ImageEditeur : La Salida n°44, juin à septembre 2005

Auteur : Gerry Kenny

Discographie de La Orquesta Tipica Fernandez Fierro

Si votre oreille est branchée tango, et que vous cherchez du nouveau à mélanger avec de l’ancien, la discographie de la Orquesta Tipica Fernandez Fierro, jeune formation de tango née à Buenos Aires un 23 juin 2001 mérite votre attention. A ce jour l’orchestre a réalisé deux enregistrements : Envasado en origen (2001) et Destruccion Masiva (2003). Chaque disque est composé d’un CD audio d’une douzaine de morceaux, accompagné d’un CD Rom interactif con fotos, videos y todo ese tipo de cosas.
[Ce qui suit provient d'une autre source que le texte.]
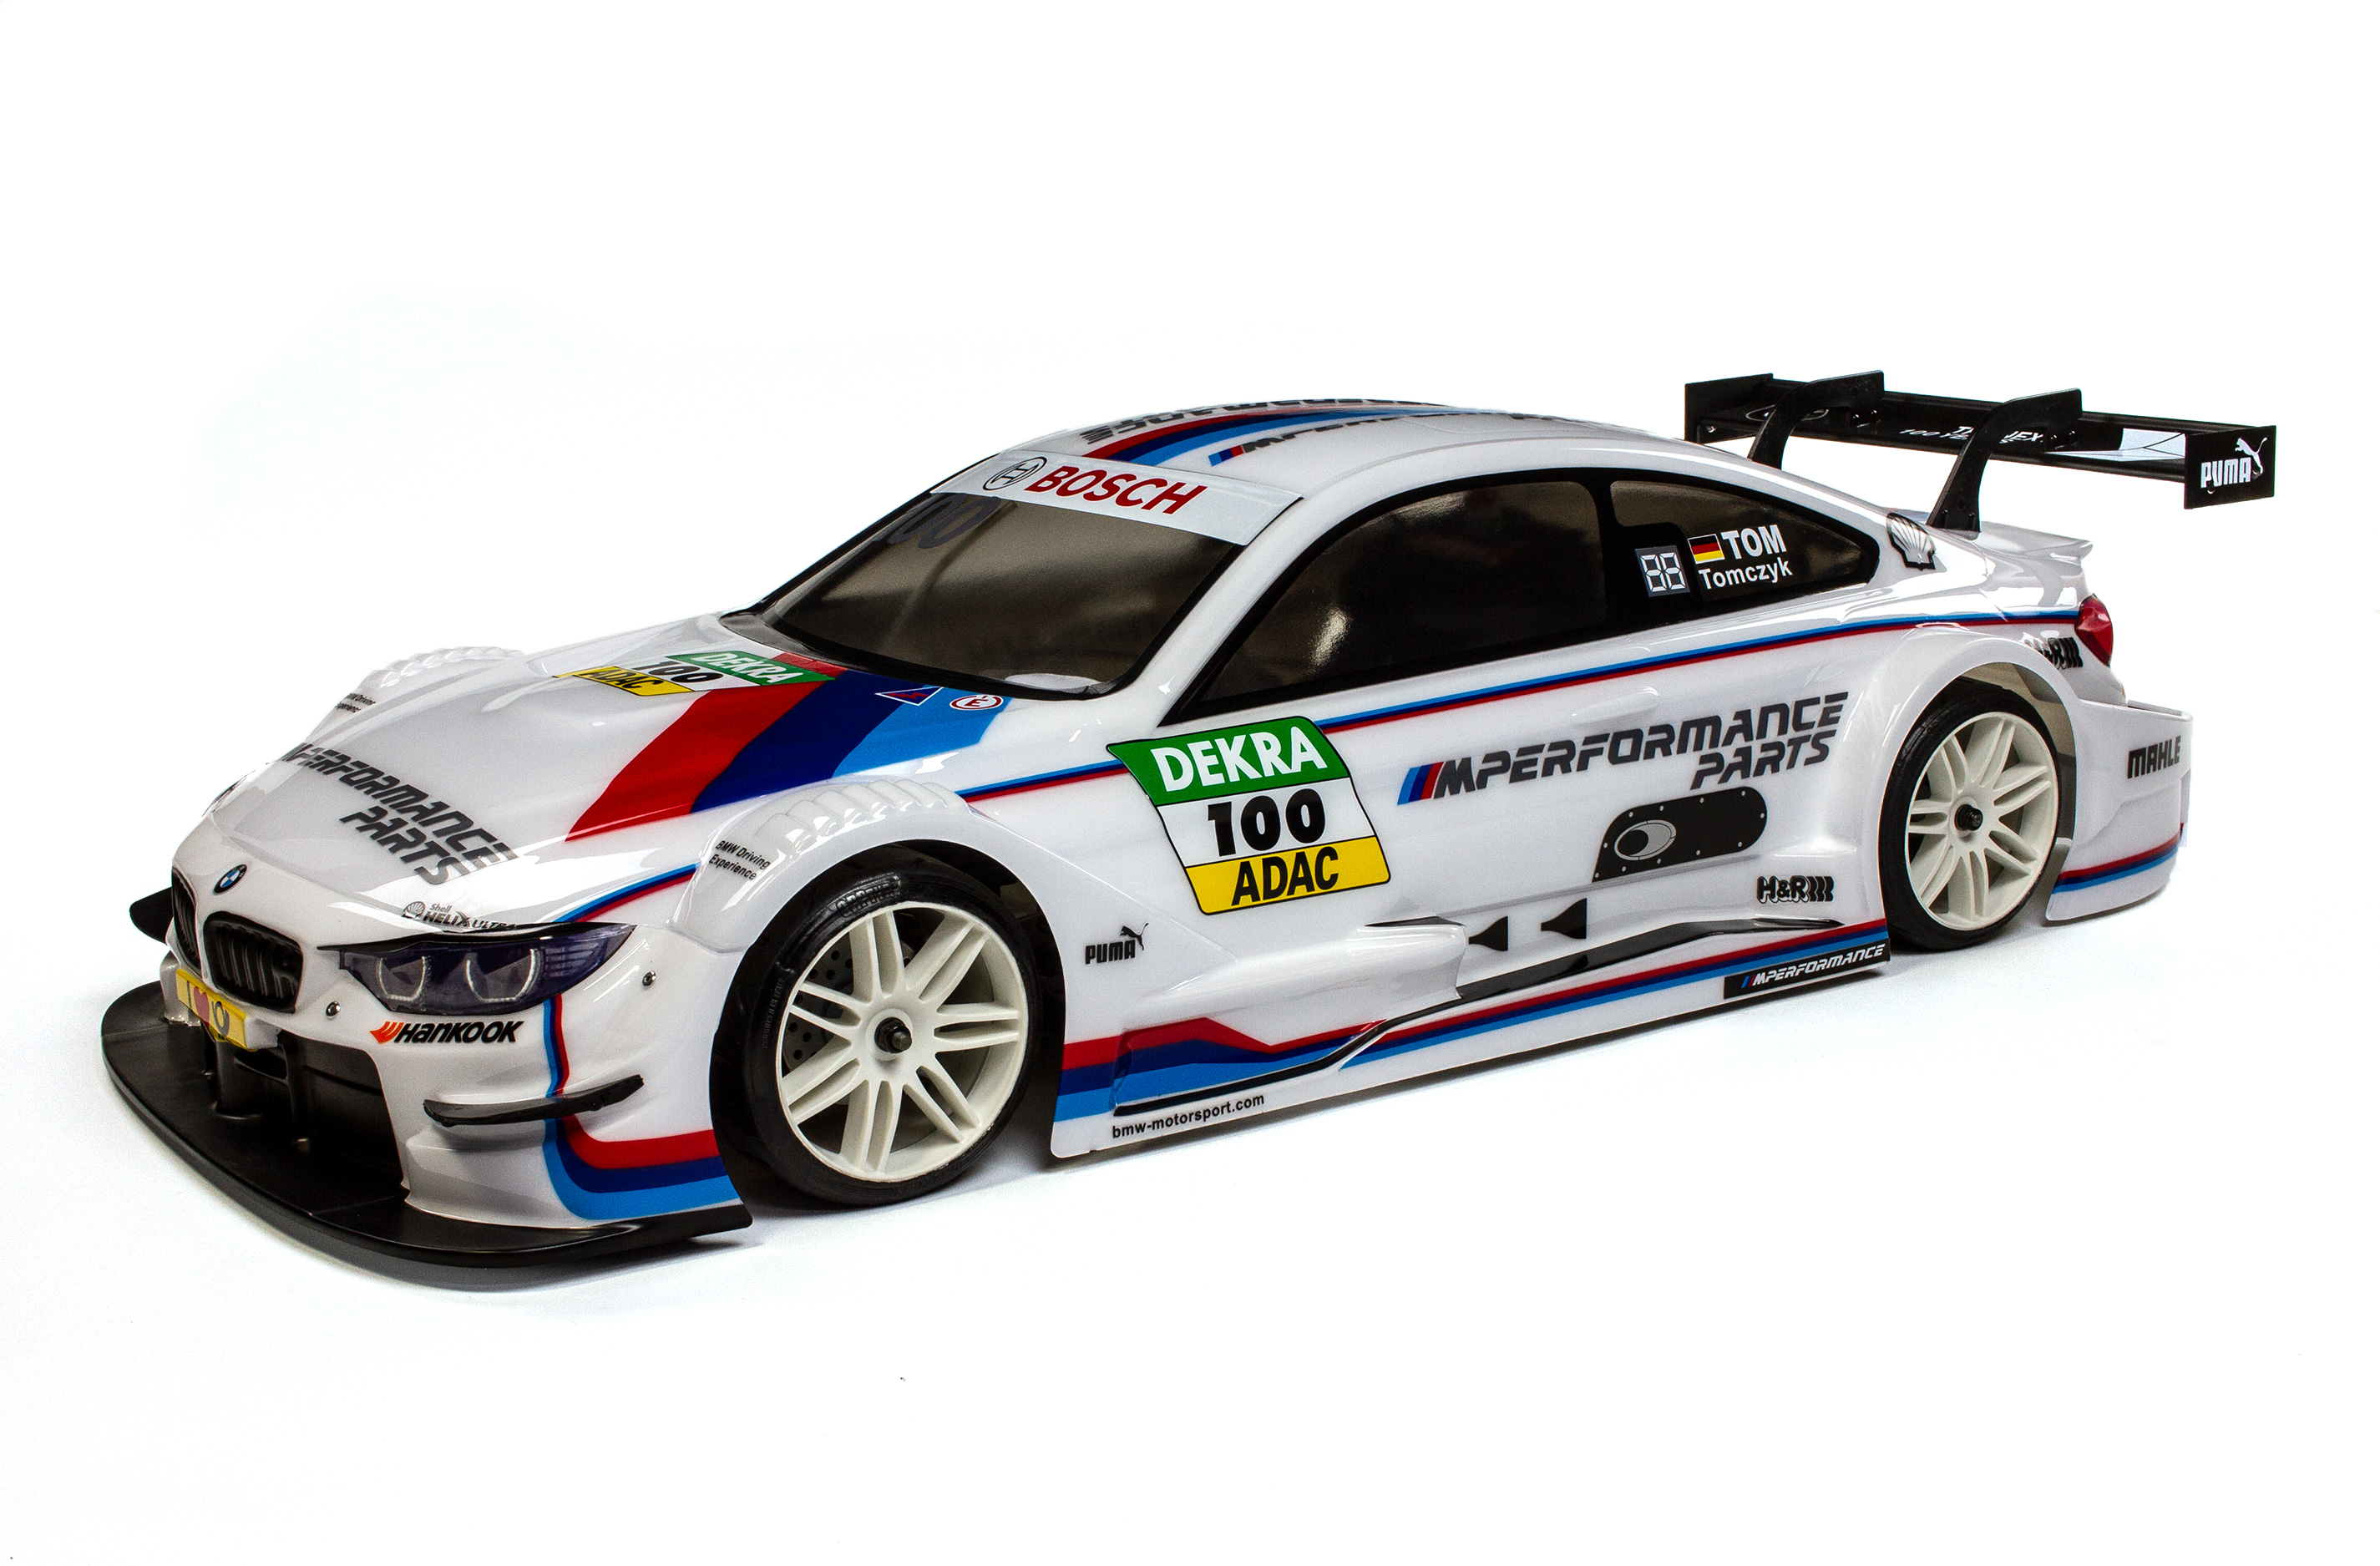 FG Raceline with BMW M4 body shell

Une façon comme une autre de poursuivre l’histoire d’amour entre le tango et la technologie.

Envasado en origen, comme son nom l’indique, puise son inspiration aux sources du tango en proposant des morceaux de l’Age d’Or que tous les danseurs ont déjà entendus maintes fois dans leurs versions classiques : Di Sarli pour les versions de référence de Milonguero Viejo, El Engeniero, et Comme il faut ; De Caro, Piazzolla des années 40, ou Villasboas pour La Rayuela ; Gobbi pour La Viruta. Sauf que vous n’allez pas forcément les reconnaître, car la Fierro n’imite ni Di Sarli, ni les autres.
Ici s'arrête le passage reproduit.